(MATERIAL PROVIDED)

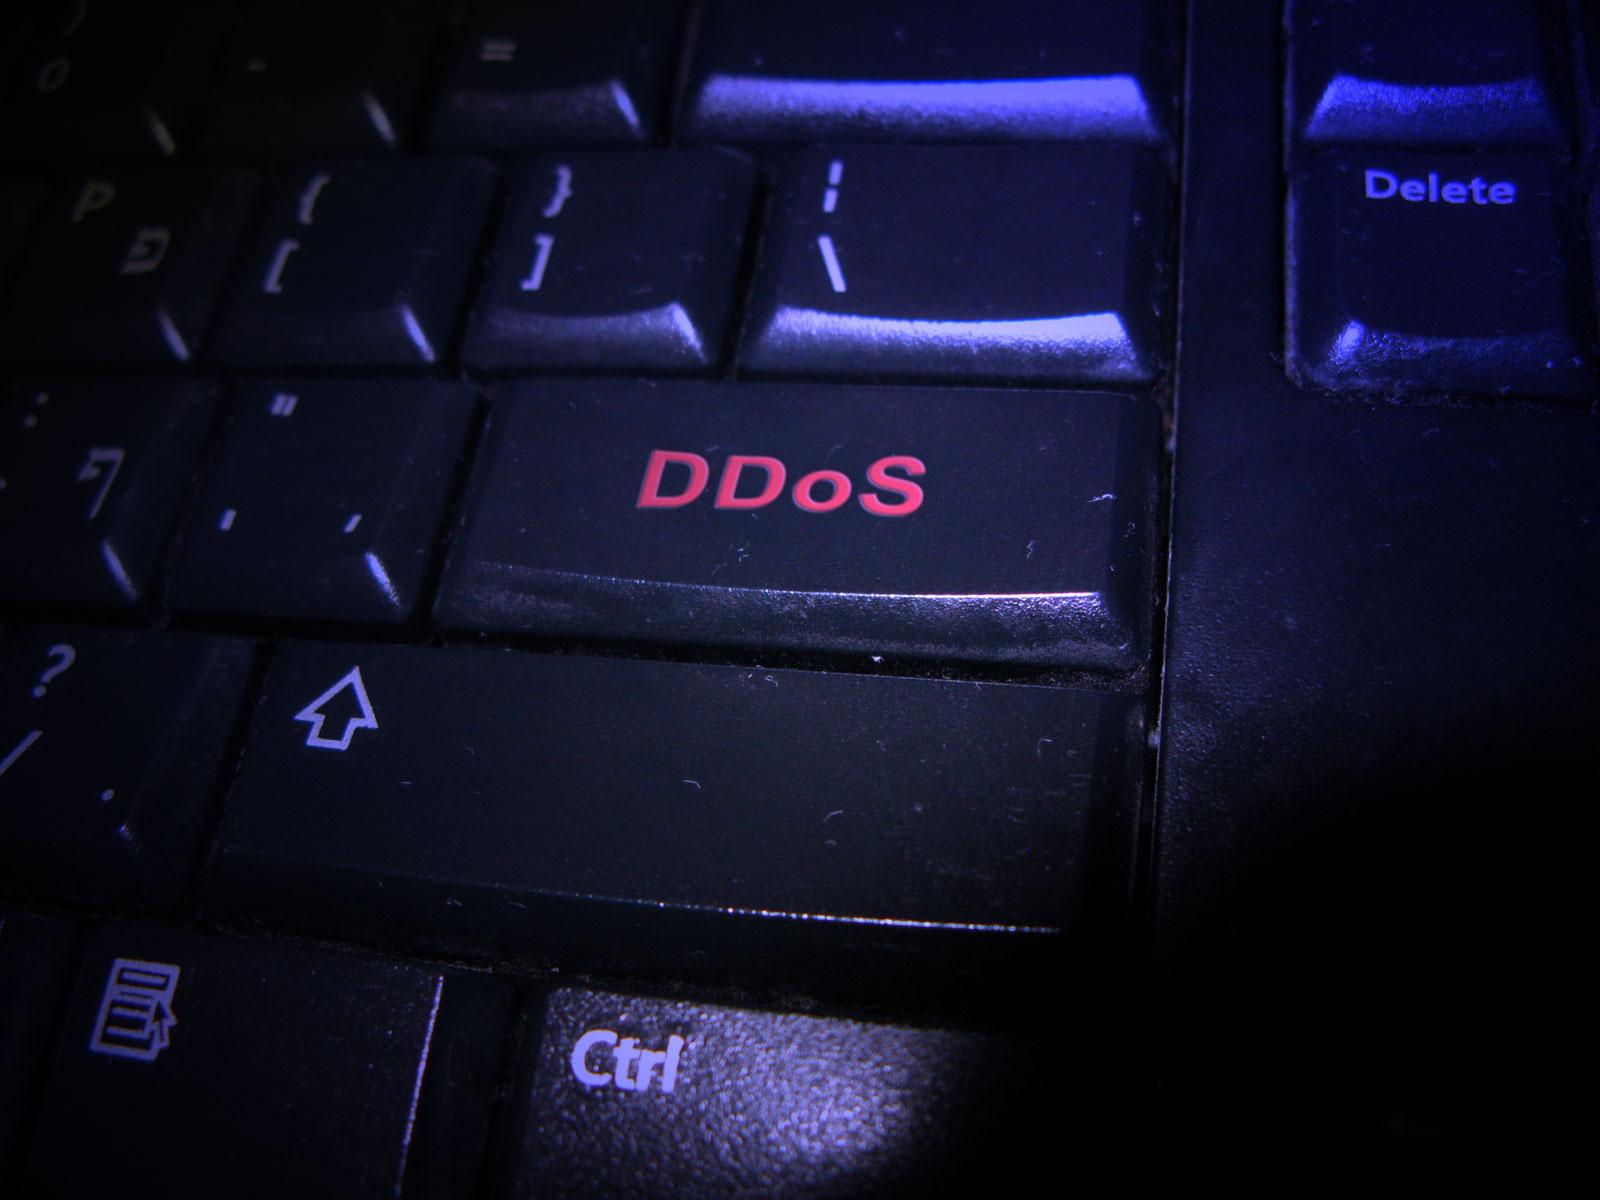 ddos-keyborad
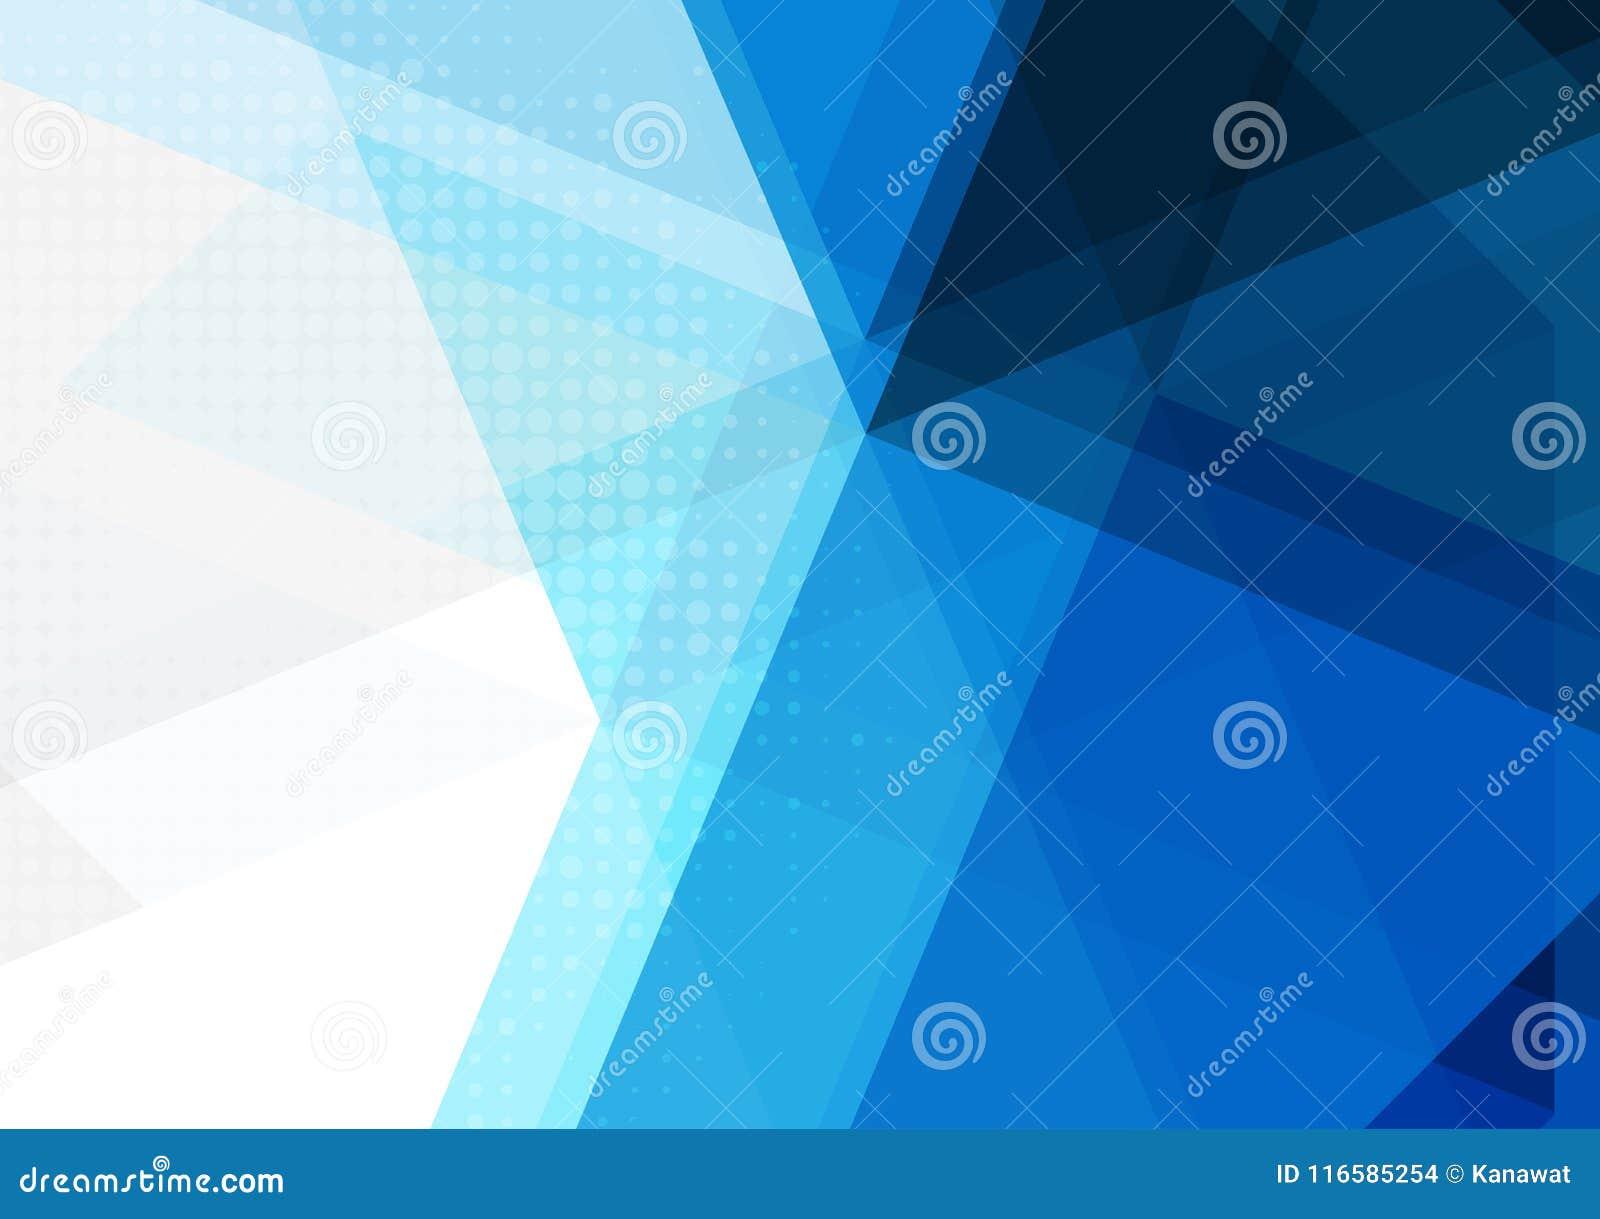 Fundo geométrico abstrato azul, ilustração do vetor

(End MATERIAL PROVIDED)
(MATERIAL PROVIDED)

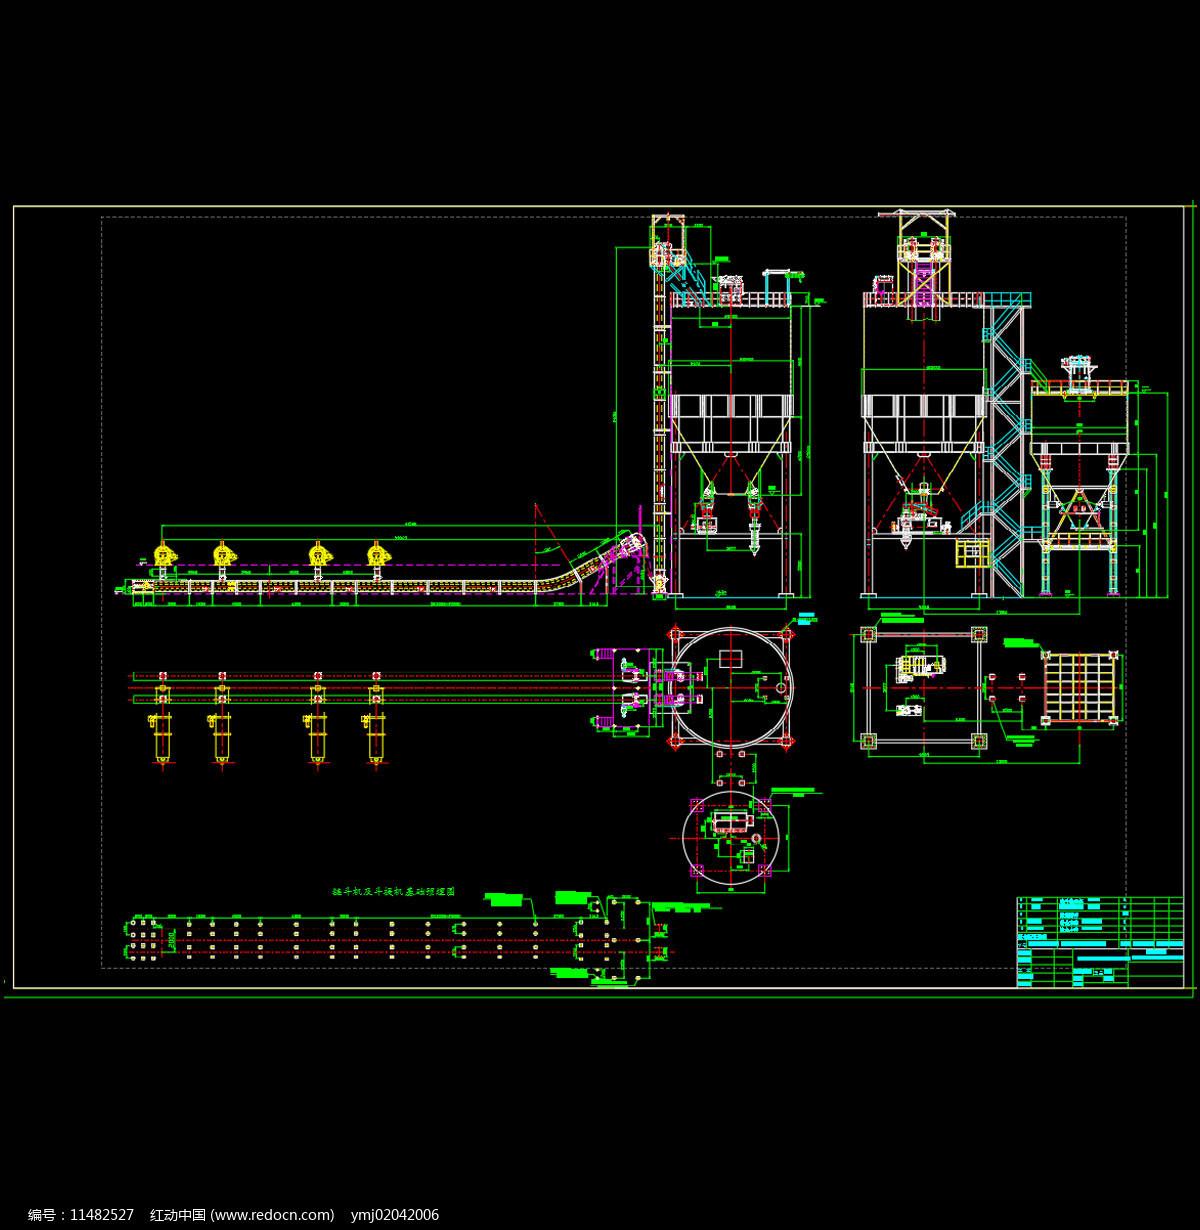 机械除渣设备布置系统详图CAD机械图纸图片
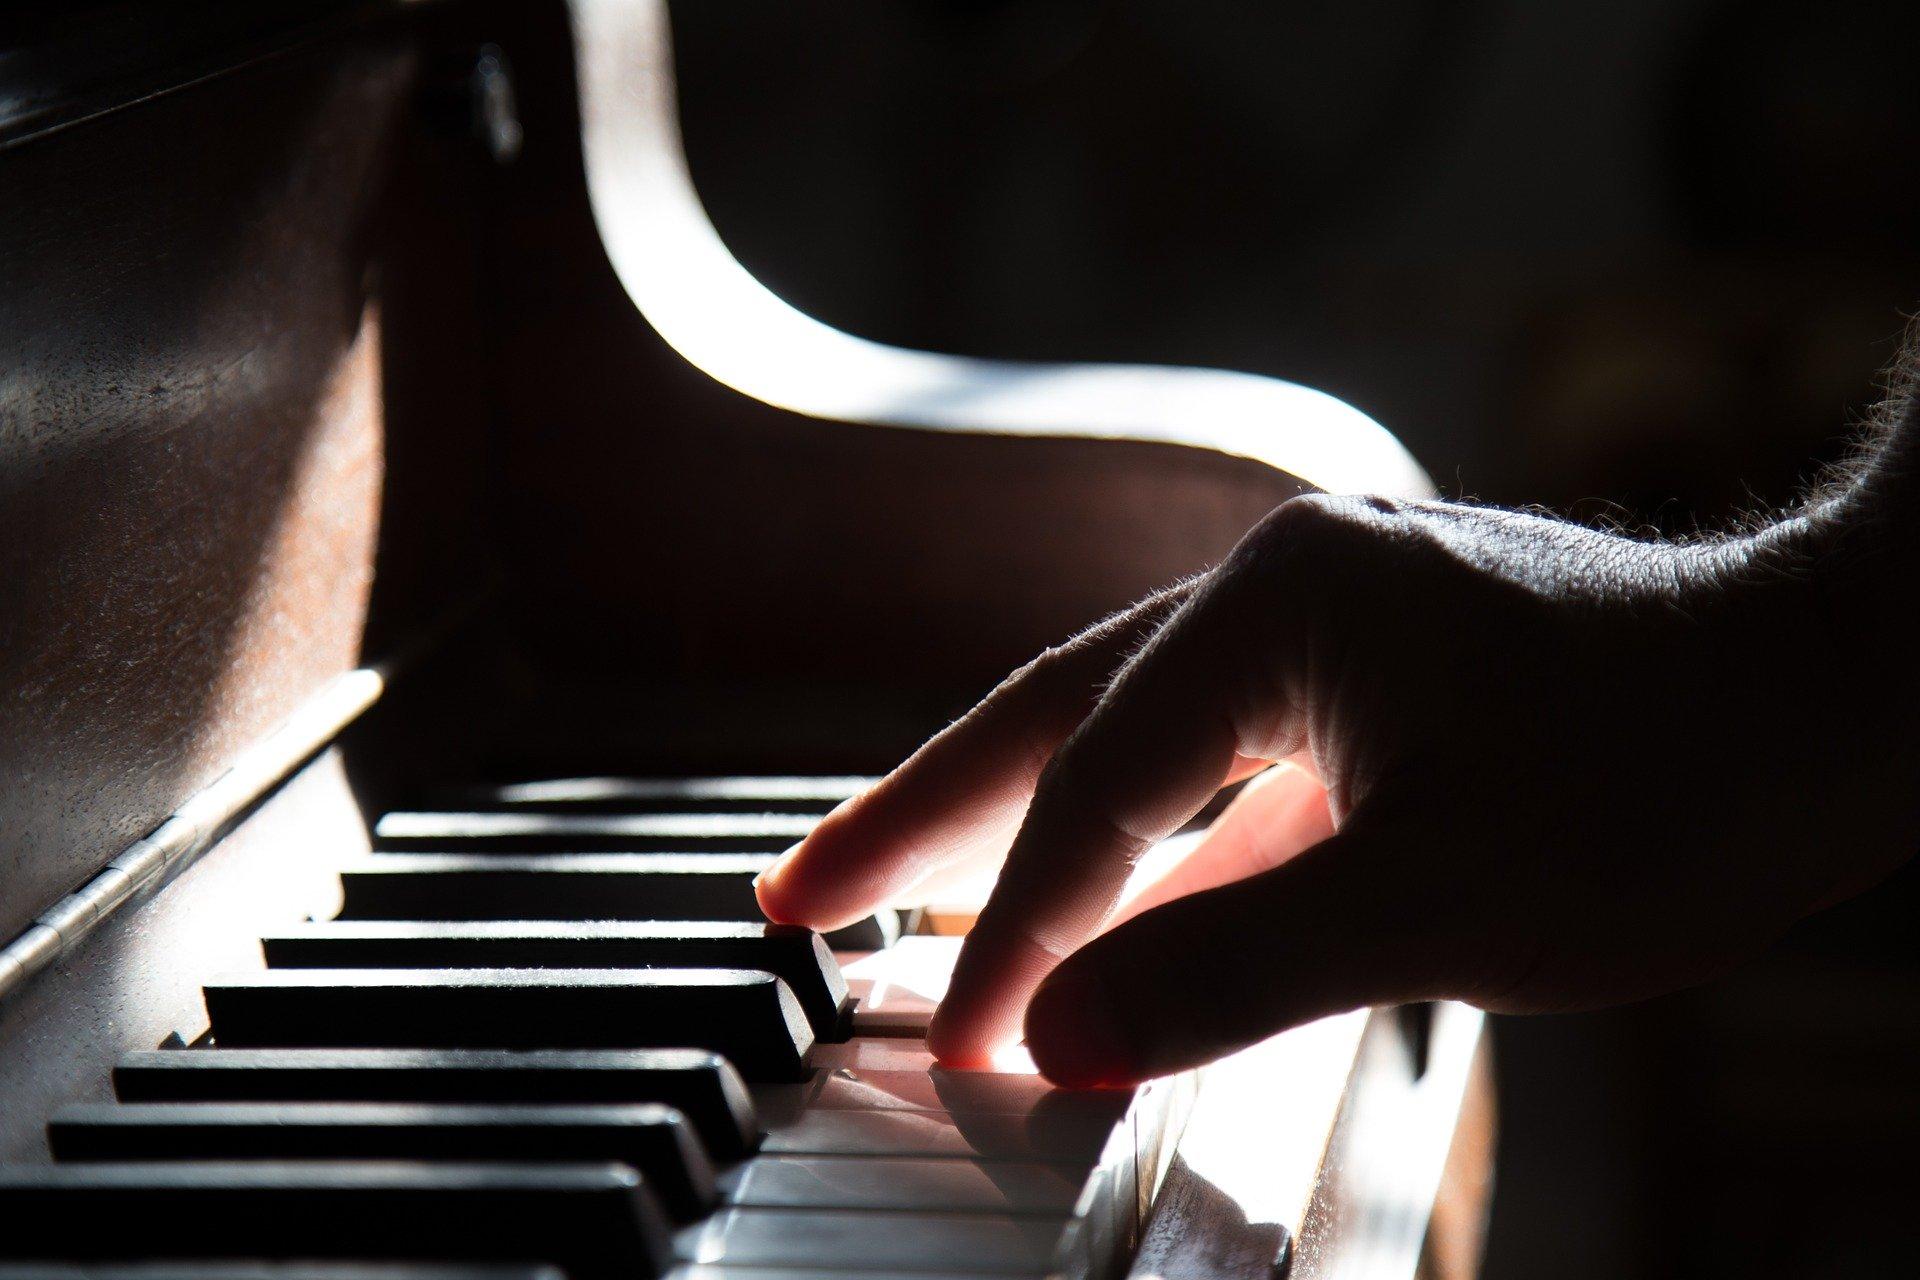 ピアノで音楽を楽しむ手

(End MATERIAL PROVIDED)

## TASK TO COMPLETE
Copy only what lies between the line with "ddos-keyborad" and the line with "Fundo geométrico abstrato", those two lines included, exactly as given above; pictures stay out.

## RESPONSE TO THIS EXERCISE
 ddos-keyborad
 Fundo geométrico abstrato azul, ilustração do vetor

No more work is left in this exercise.